Pemuda dari Yaman ini
telah lama menjadi yatim, tak punya sanak famili kecuali hanya ibunya yang
telah tua renta dan lumpuh. Hanya penglihatan kabur yang masih tersisa. Untuk
mencukupi kehidupannya sehari-hari, Uwais bekerja sebagai penggembala kambing.
Upah yang diterimanya hanya cukup untuk sekedar menopang kesehariannya bersama
Sang ibu, bila ada kelebihan, ia pergunakan untuk membantu tetangganya yang
hidup miskin dan serba kekurangan seperti keadaannya. Kesibukannya sebagai
penggembala domba dan merawat ibunya yang lumpuh dan buta, tidak mempengaruhi
kegigihan ibadahnya, ia tetap melakukan puasa di siang hari dan bermunajat di
malam harinya.
Uwais al-Qarni telah
memeluk Islam pada masa negeri Yaman mendengar seruan Nabi Muhammad SAW. yang
telah mengetuk pintu hati mereka untuk menyembah Allah, Tuhan Yang Maha Esa,
yang tak ada sekutu bagi-Nya. Islam mendidik setiap pemeluknya agar berakhlak
luhur. Peraturan-peraturan yang terdapat di dalamnya sangat menarik hati Uwais,
sehingga setelah seruan Islam datang di negeri Yaman, ia segera memeluknya,
karena selama ini hati Uwais selalu merindukan datangnya kebenaran. Banyak
tetangganya yang telah memeluk Islam, pergi ke Madinah untuk mendengarkan
ajaran Nabi Muhammad SAW secara langsung. Sekembalinya di Yaman, mereka
memperbarui rumah tangga mereka dengan cara kehidupan Islam.
Alangkah sedihnya hati
Uwais setiap melihat tetangganya yang baru datang dari Madinah. Mereka itu
telah "bertamu dan bertemu" dengan kekasih Allah penghulu para Nabi,
sedang ia sendiri belum. Kecintaannya kepada Rasulullah menumbuhkan kerinduan
yang kuat untuk bertemu dengan sang kekasih, tapi apalah daya ia tak punya
bekal yang cukup untuk ke Madinah, dan yang lebih ia beratkan adalah sang ibu
yang jika ia pergi, tak ada yang merawatnya.
Di ceritakan ketika
terjadi perang Uhud Rasulullah SAW mendapat cedera dan giginya patah karena
dilempari batu oleh musuh-musuhnya. Kabar ini akhirnya terdengar oleh Uwais. Ia
segera memukul giginya dengan batu hingga patah. Hal tersebut dilakukan sebagai
bukti kecintaannya kepada beliau SAW, sekalipun ia belum pernah melihatnya.
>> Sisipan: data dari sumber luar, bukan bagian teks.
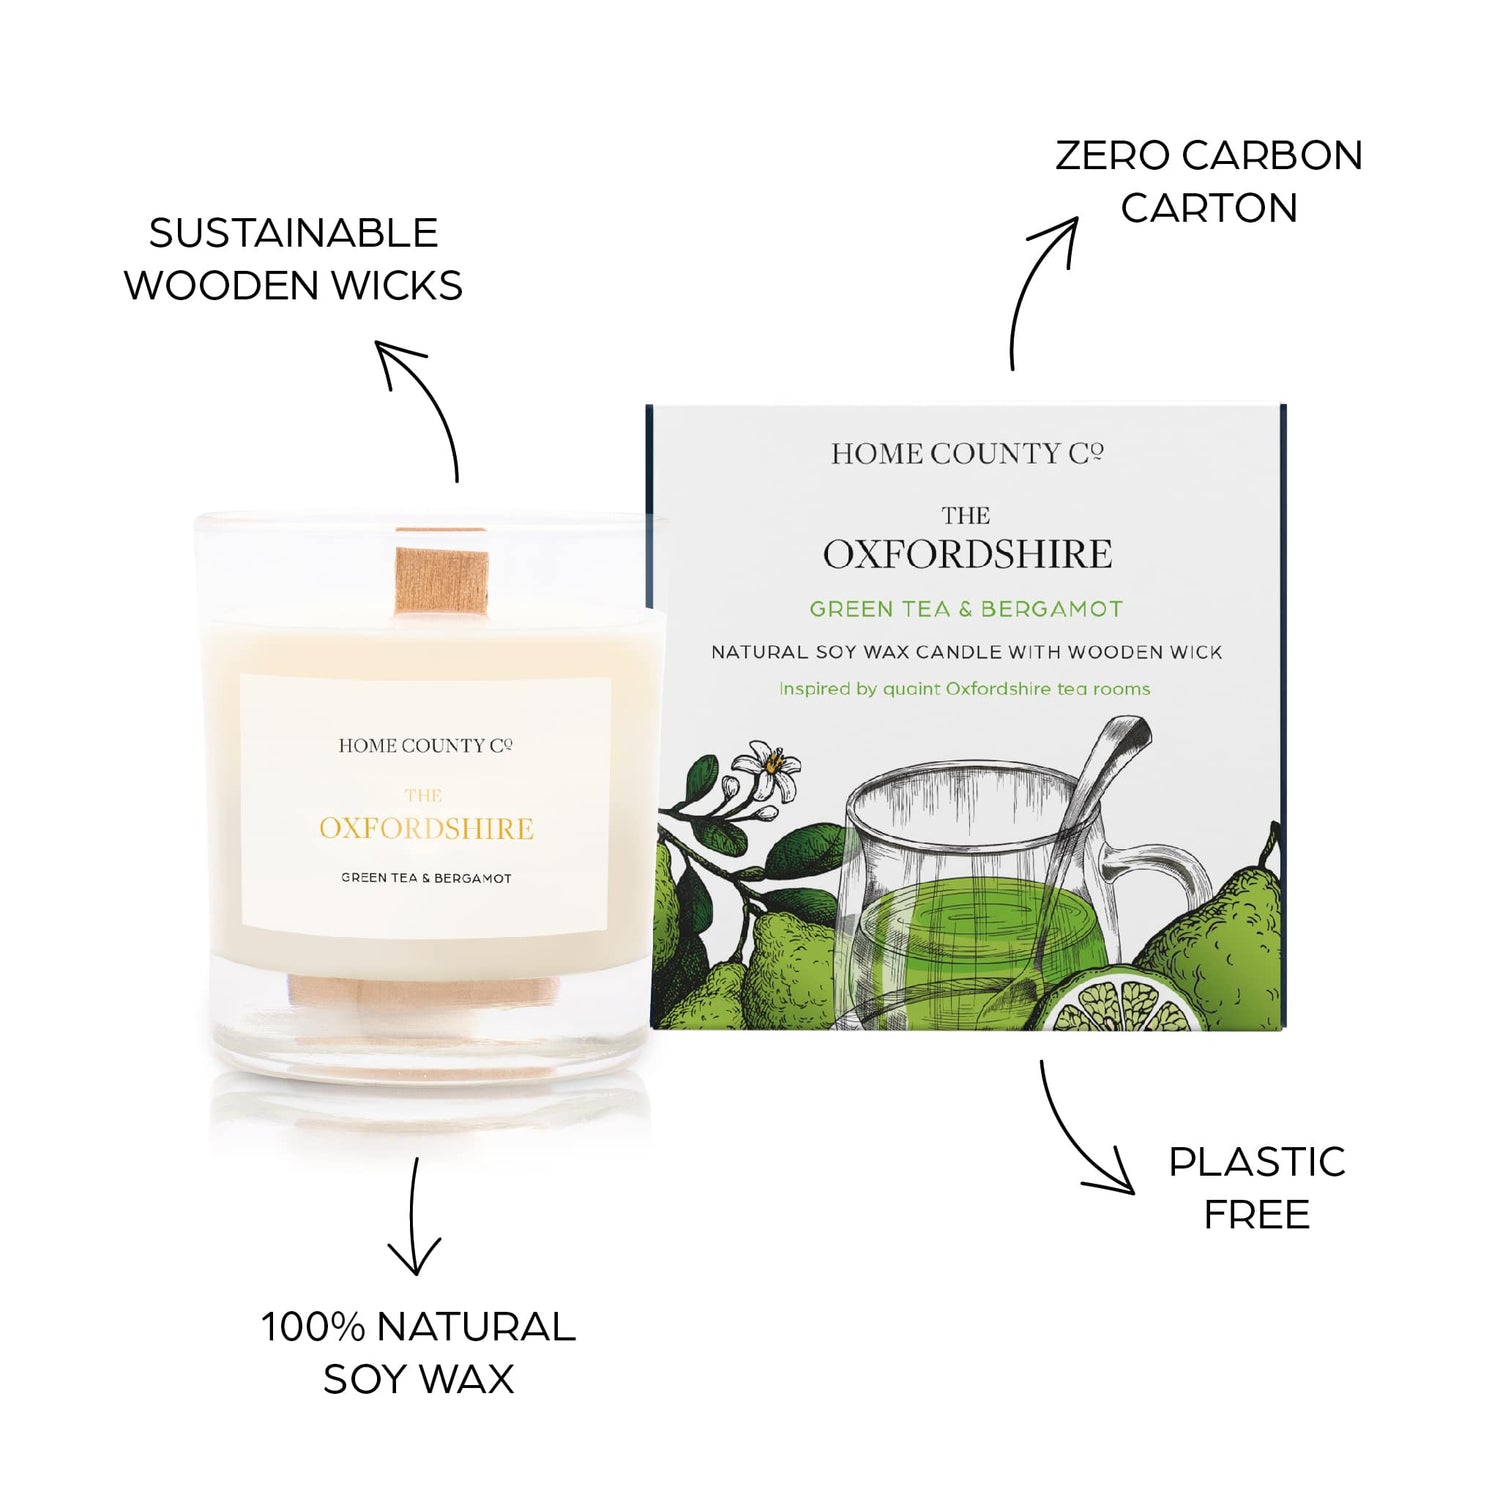 Sustainable candle credentials are shown around the green tea scented candle image - sustainable wooden wicks, zero carbon carton, 100% natural soy wax, plastic free
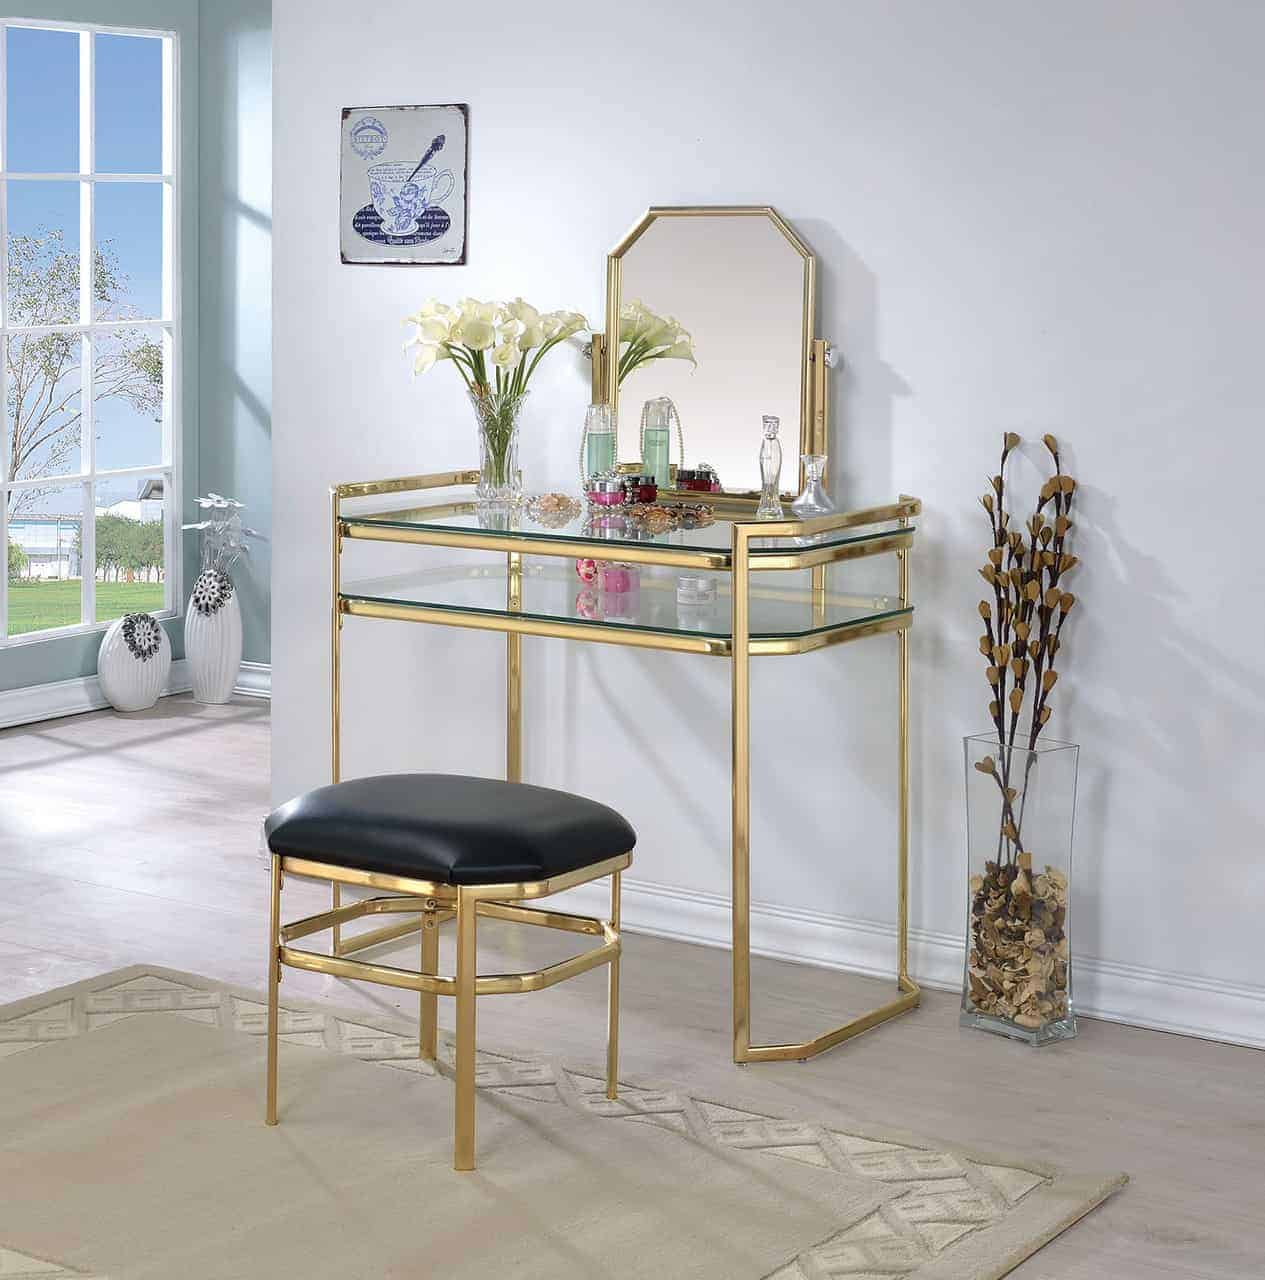 An elegant honey colored metallic dressing table design with a small square mirror, minimum storage space, and a matching stool, in a white room.

Hari berganti dan musim berlalu, dan kerinduan yang tak terbendung membuat
hasrat untuk bertemu tak dapat dipendam lagi. Uwais merenungkan diri dan
bertanya dalam hati, kapankah ia dapat menziarahi Nabinya dan memandang wajah
beliau dari dekat ? Tapi, bukankah ia mempunyai ibu yang sangat membutuhkan
perawatannya dan tak tega ditingalkan sendiri, hatinya selalu gelisah siang dan
malam menahan kerinduan untuk berjumpa. Akhirnya, pada suatu hari Uwais
mendekati ibunya, mengeluarkan isi hatinya dan memohon izin kepada ibunya agar
diperkenankan pergi menziarahi Nabi SAW di Madinah. Sang ibu, walaupun telah
uzur, merasa terharu ketika mendengar permohonan anaknya. Beliau memaklumi
perasaan Uwais, dan berkata : "Pergilah wahai anakku ! temuilah Nabi di
rumahnya. Dan bila telah berjumpa, segeralah engkau kembali pulang".
Dengan rasa gembira ia berkemas untuk berangkat dan tak lupa menyiapkan
keperluan ibunya yang akan ditinggalkan serta berpesan kepada tetangganya agar
dapat menemani ibunya selama ia pergi.
Sesudah berpamitan sambil menciumi sang ibu, berangkatlah Uwais
menuju Madinah yang berjarak kurang lebih empat ratus kilometer dari Yaman.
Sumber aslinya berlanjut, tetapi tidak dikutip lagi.